Пухов пристально оглядел старика в целом и плюнул рикошетом наружу, не обращая на него дальнейшего внимания.

Вдруг загремел мост – и в вагон потянуло свежей проточной водой.

– Что это за река, ты не знаешь, как называется? – спросил Пухов одного черного мужика, похожего на колдуна.

– Нам неизвестно, – ответил мужик. – Как-нибудь называется!

Пухов вздохнул от голодного горя и после заметил, что это – родина. Речка называется Сухой Шошей, а деревня в сухой балке – Ясной Мечою; там жили староверы, под названием яйценосцы. От родины сразу понесло дымным запахом хлеба и нежной вонью остывающих трав.

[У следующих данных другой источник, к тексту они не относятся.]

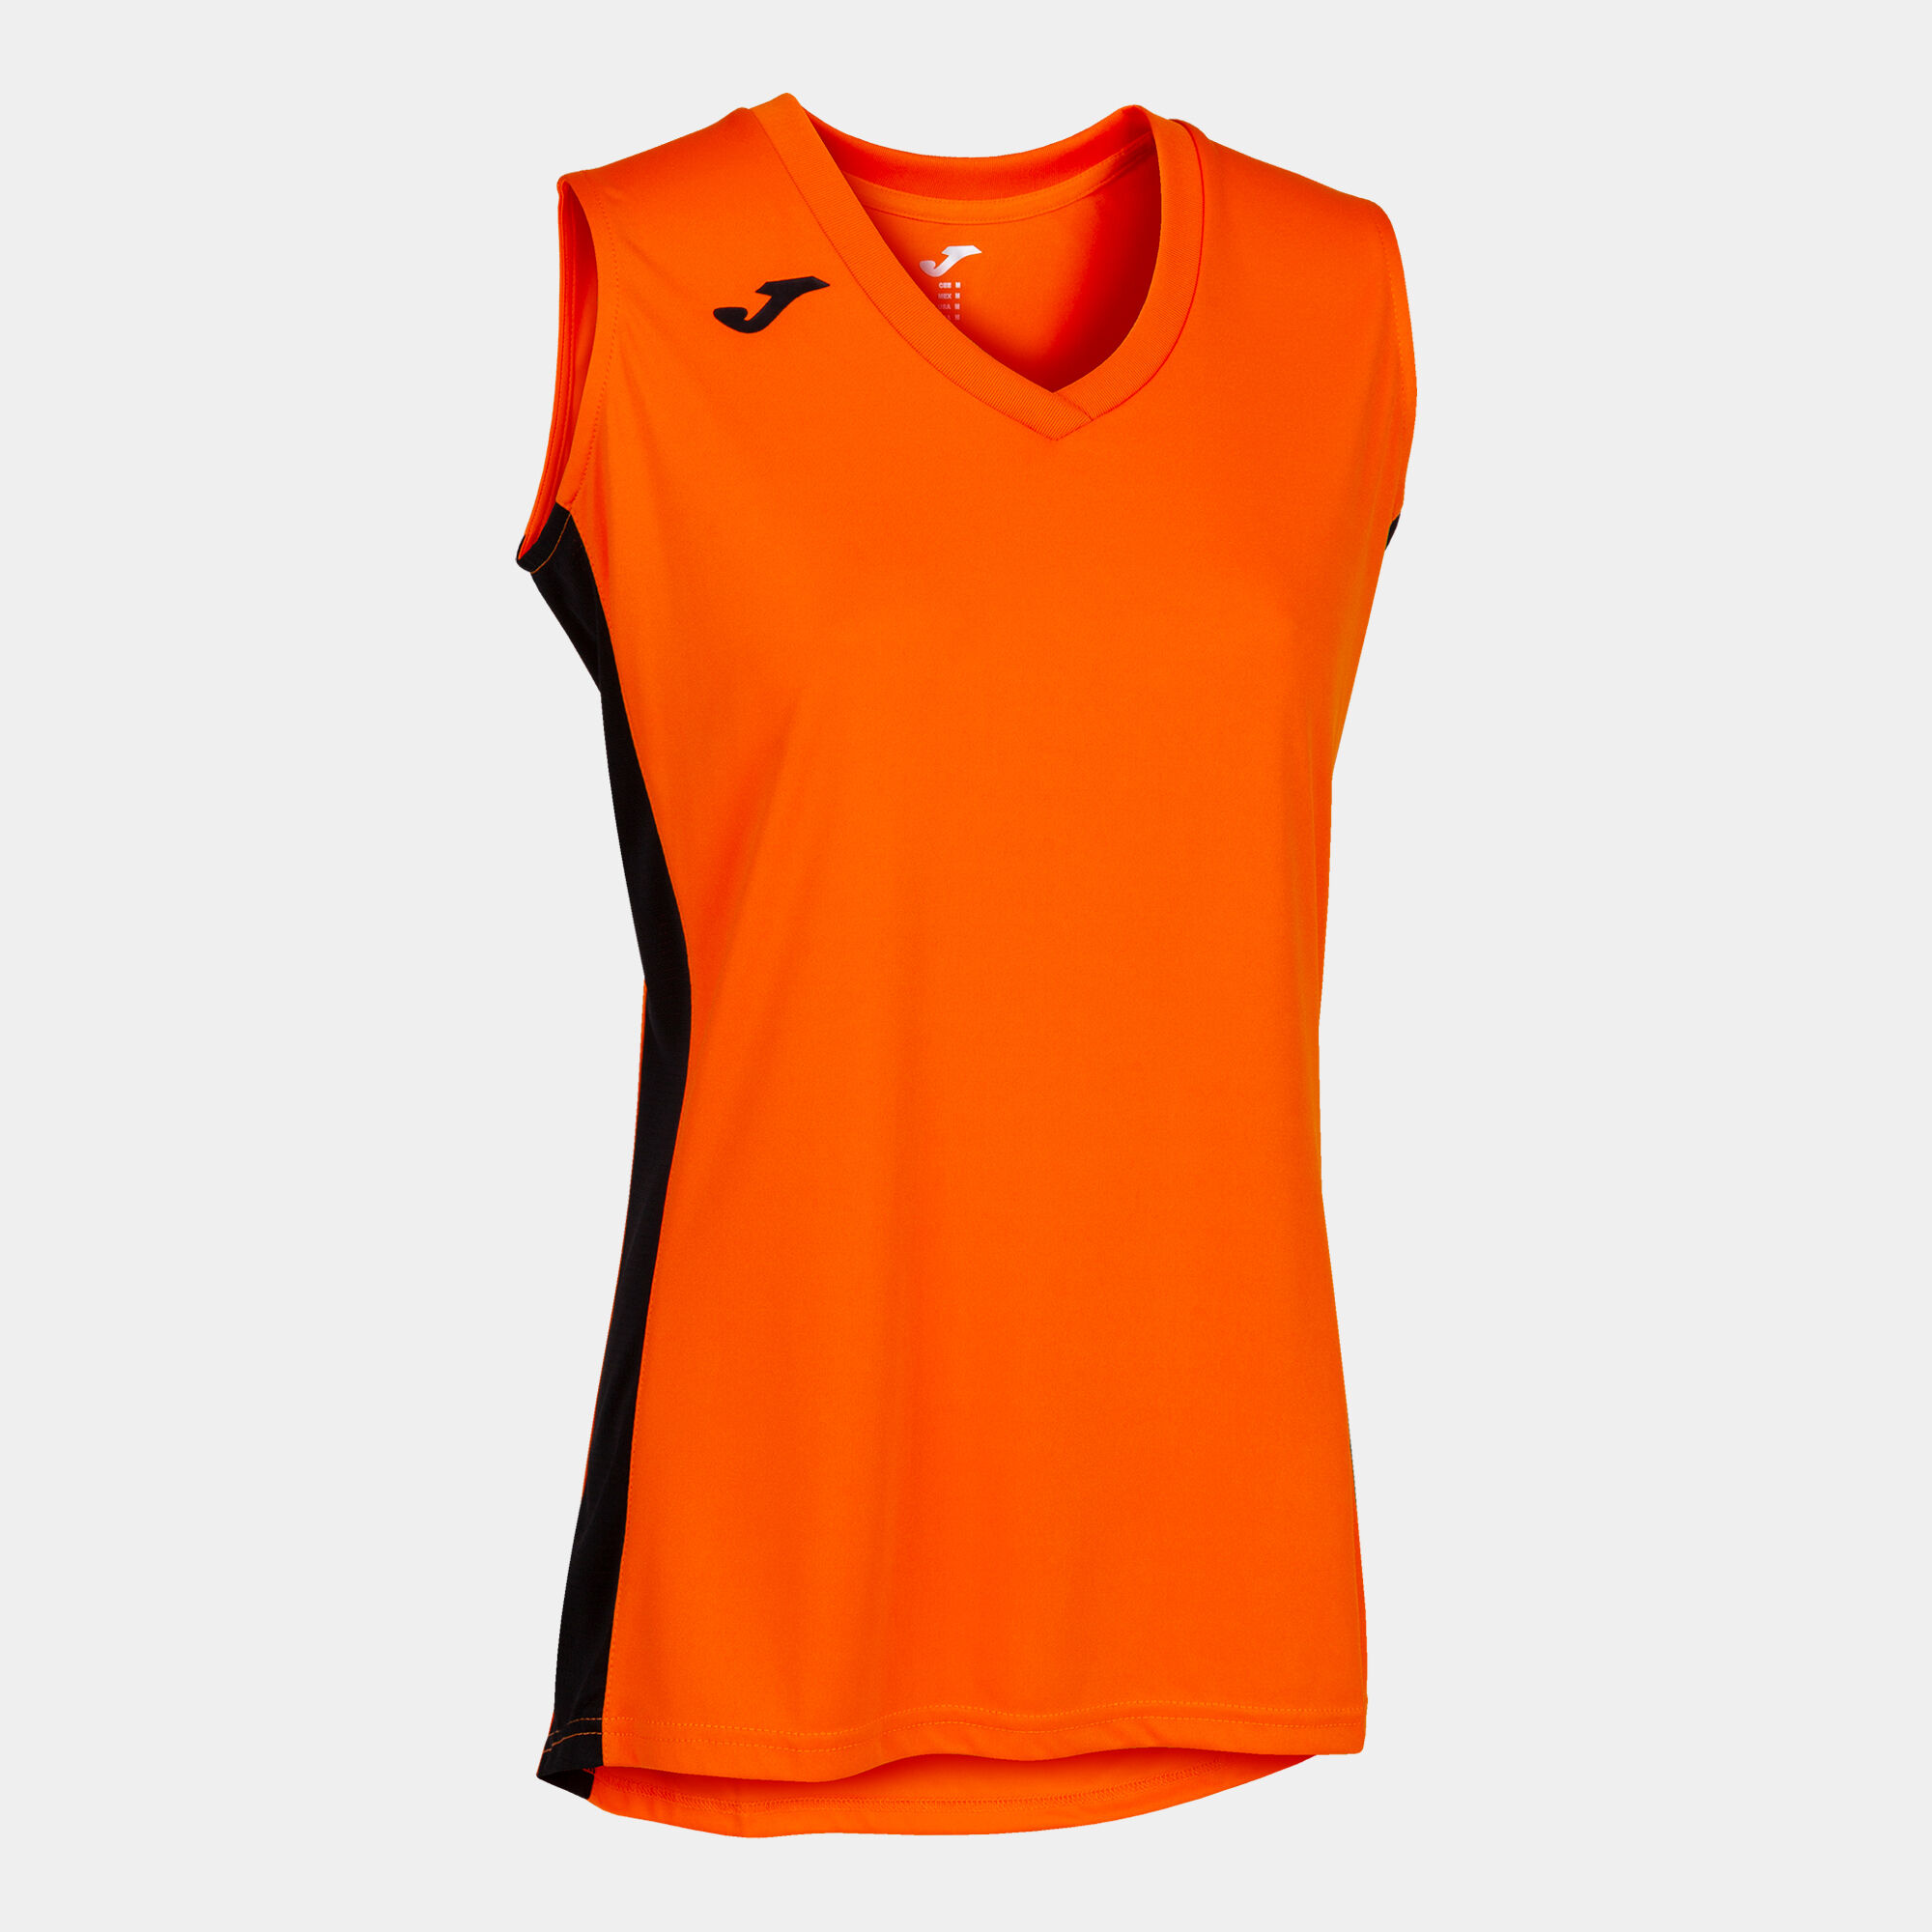 Shirt s/m frau Cancha III orange schwarz

Пухов погустел голосом и объявил от сердечной доброты:

– Это город Похаринск! Вон агрономический институт и кирпичный завод! За ночь мы верст четыреста угомонили!

– А тут – не знаешь, товарищ, – меняют аль нет? – спросил чуть дышавший старичок, хотя у него не было чего менять.

– Здесь, отец, не променяешь – у рабочих скулья жевать разучились! А рабочих тут пропасть! – сообщил Пухов и стал подтягивать ремешок на животе, как бы увязывая себя за отсутствием багажа.

Старый серый вокзал стоял таким же, как в детстве Пухова, когда он тянул его на кругосветное путешествие. Пахло углем, жженой нефтью и тем запахом таинственного и тревожного пространства, какой всегда бывает на вокзалах.

Народ, обратившийся в нищих, лежал на асфальтовом перроне и с надеждой глядел на прибывший порожняк.

В депо сопели дремавшие паровозы, а на путях беспокойно трепалась маневровая кукушка, собирая вагоны в стада для угона в неизвестные края.

Пухов шел медленно по лазам вокзала и с давним детским любопытством и каким-то грустным удовольствием читал старые объявления-рекламы, еще довоенного выпуска:

Паровые молотилки «Мак-Кормик».

Локомобили Вольфа с пароперегревателем.

Колбасная Диц.

Волжское пароходство «Самолет».

Лодочные моторы Иохим и К°.

Велосипеды Пежо.

Безопасные дорожные бритвы Гейльман и С-я —

и много еще хороших объявлений.

Когда был Пухов мальчишкой, он нарочно приходил на вокзал читать объявления – и с завистью и тоской провожал поезда дальнего следования, но сам никуда не ездил. Тогда как-то чисто жилось ему, но позднее ничего не повторилось.

Сойдя со ступенек вокзала на городскую улицу, Пухов набрал светлого воздуха в свое пустое голодное тело и исчез за угольным домом.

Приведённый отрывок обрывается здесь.